In case, if the liability is created on account of capital receipt i.e. a loan received from a creditor and now he is unable to substantiate the same, even then it can be added u/s 68 during the year in which the loan is brought into the books. Without writing of the liability by the assessee which is a carried forward one, In my opinion, it cannot be added to the income for the year under consideration. Even in the case of 222 ITR 344 also, liability has been written off and the same was credited to P & L account and again claimed as a capital receipt in the computation. Therefore,  the Apex Court had held that the same is taxable which is a trading receipt.

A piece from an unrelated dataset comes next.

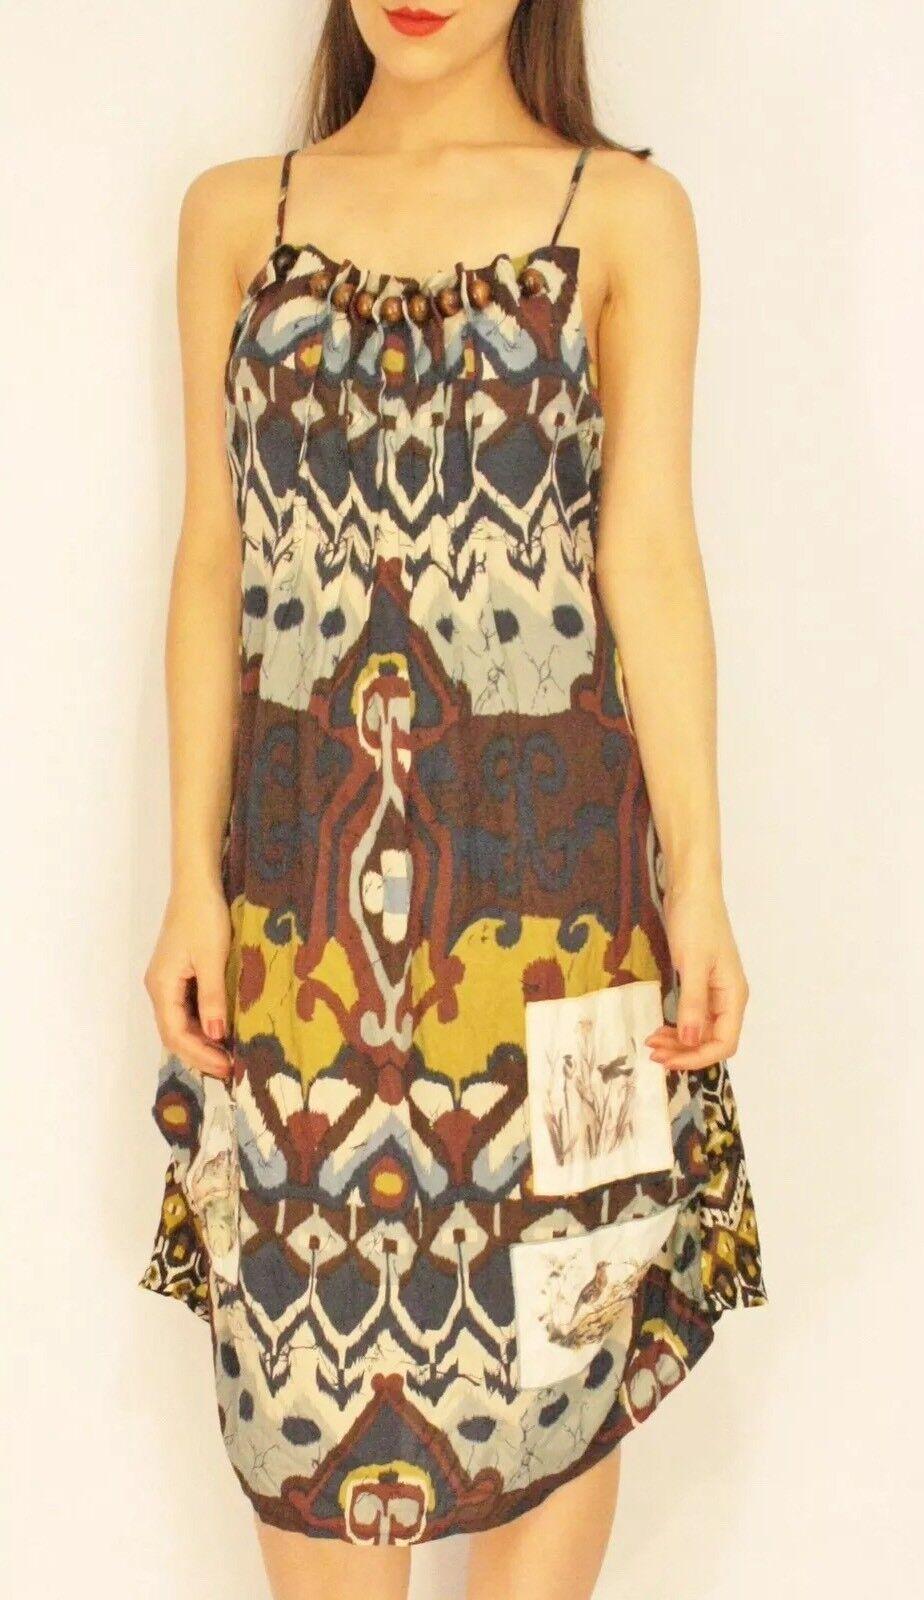 6547764753ca savingglory blue white red Silk Bird Dress France 12 US 8 Eu 40 Au Tribal  ntyxbb7256-Dresses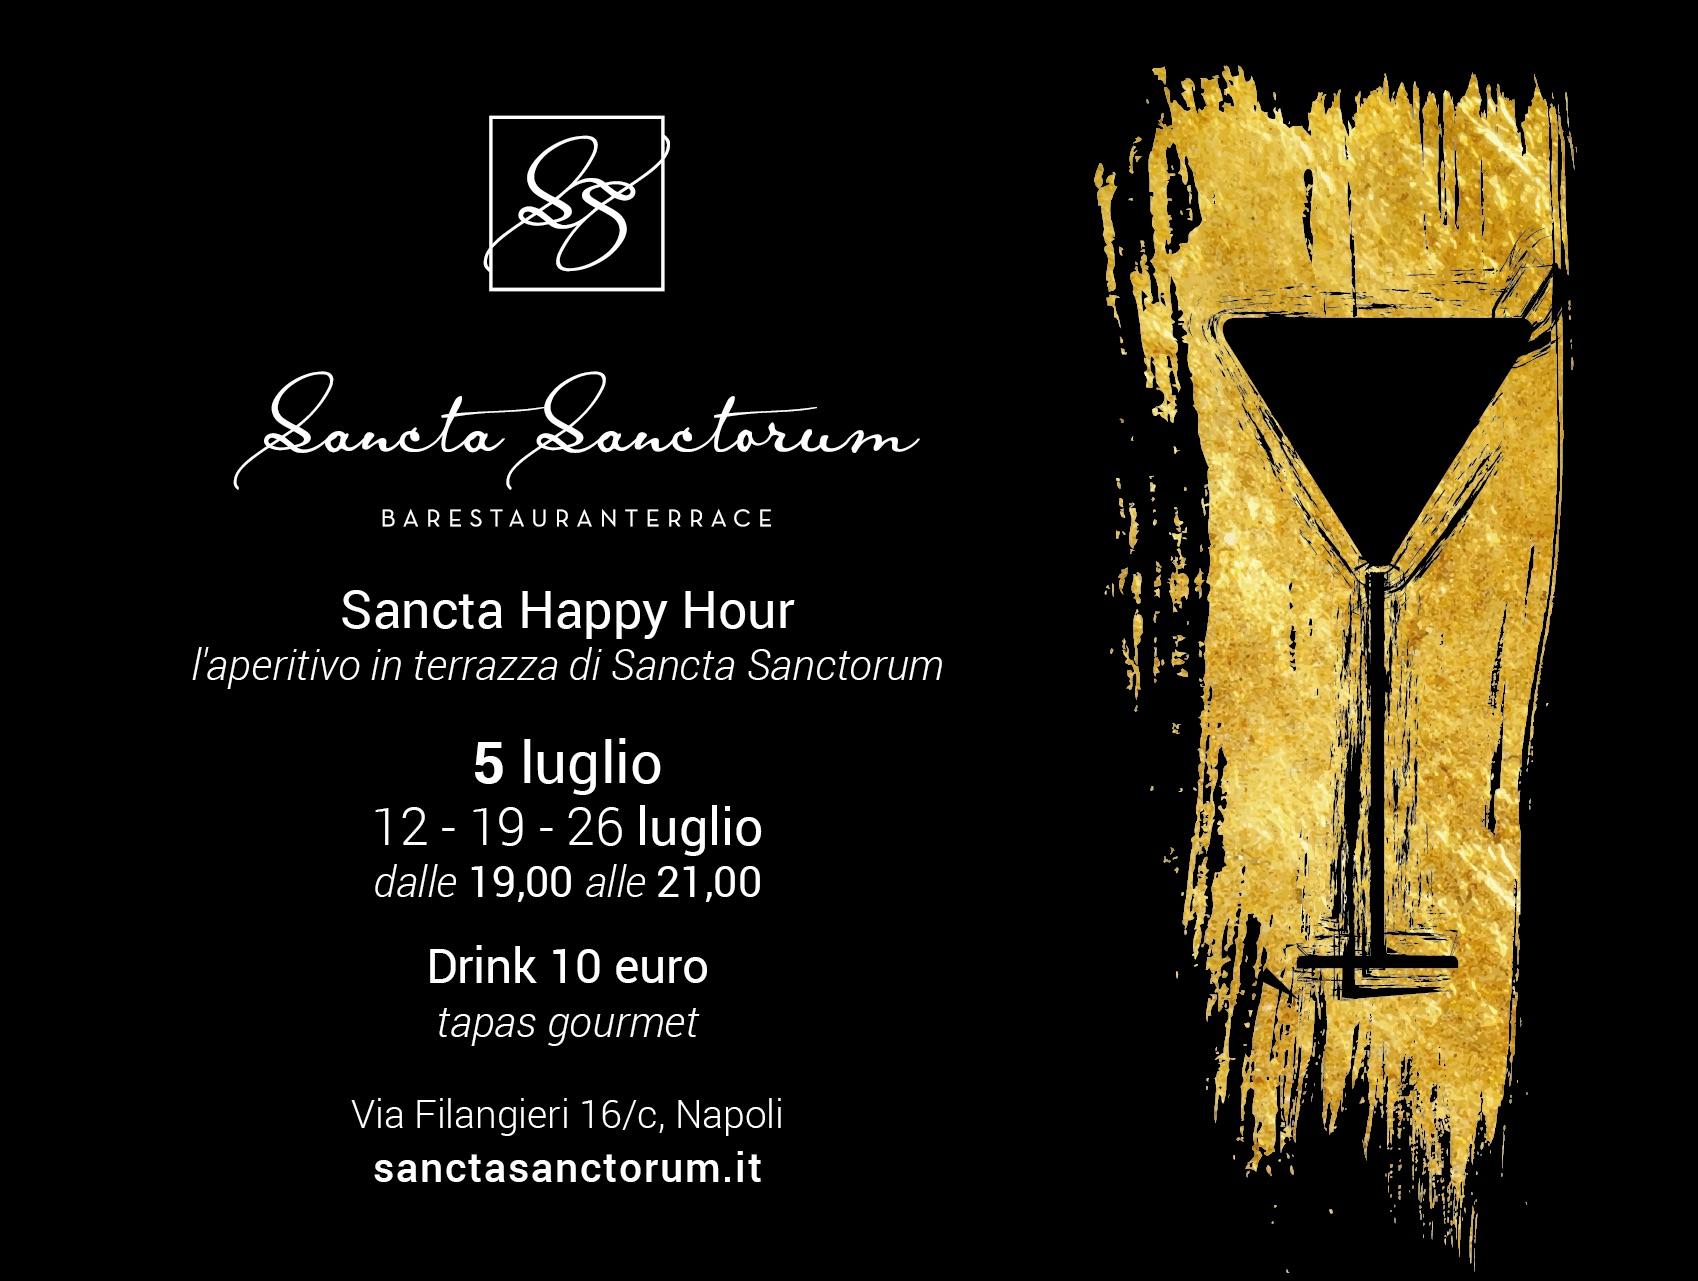 invito-sanctaok-01

For application of this case law also, the liabilities written off should be  connected to the business of the assessee. In case, assessee is a manufactureing unit of some other goods and the genuine loan taken by the assessee has been shown as a liability and subsequently because of unforeseen circumstances like death of the loan giver, if such liability has been written off in the books, then whether the case law of Apex court 222 ITR 344 will apply or not. I have some doubts in this regard. In such cases,  only the explanation inserted in sec 41(1) will have to be invoked wherein it is mentioned as liability ( not clearly mentioned as a trading liability and therefore, the liabilities written off created on accout of capital receipt ) which is written off. Any other views in this regard are welcome.
#27
Discussion / Re: cessation of liabilty.
October 29, 2008, 08:00:17 AM
Dear Sir,

If you see the section, it says that the same is applicable only when the person obtains whether any cash or in any other manner whatsoever, any amount in respect of such trading liability which means that the person should obtain the benefit mentioned therein. So far as the liability is shown in the books it cannot be treated that the person has obtained any benefit out of the liability. Only when it is written off in books, it will be treated that he is no longer be under an obligation to pay to his creditor and therefore, the said amount has been credited to p & l account. Even in the Explanation inserted w.e.f. 01-04-1997 also, writing off is mentioned and therefore, I came to the above conclusion. Otherthan this, I didnot come across any case law in this regard. If anybody knows any case law in this regard, please let the same be shared through this forum.
#28
Discussion / Re: cessation of liabilty.
October 14, 2008, 07:16:08 AM
I think it cannot be. If the creditors account is debited by crediting P & L account by the assessee himself, then there is every possibility to tax the amounts under cessation of liability. Otherwise, it is not possible,  so long as they are shown as sundry creditors.
#29
Discussion / Re: TDS on rent
October 14, 2008, 06:50:25 AM
Certainly, if the rent paid is more than 1.2 lakhs for a owner TDS has to be deducted. Though the same is compensation in other words, the intention of TDS is to tax the rent in the hands of receipient. Therefore, TDS has to be deducted on such payment, upcourse, if it exceeds the limit specified in sec. 194I.
#30
Discussion / Re: MAT Credit Under section 115JAA
October 04, 2008, 08:54:55 AM
No, in my opinion MAT credit cannot be claimed before surcharge and education cess because, MAT credit is allowable from the tax liability only. Tax includes surcharge as per the Supreme Court decision reported in 83 ITR 346. Therefore, first we have to calculate surcharge and education cess and then MAT credit follows.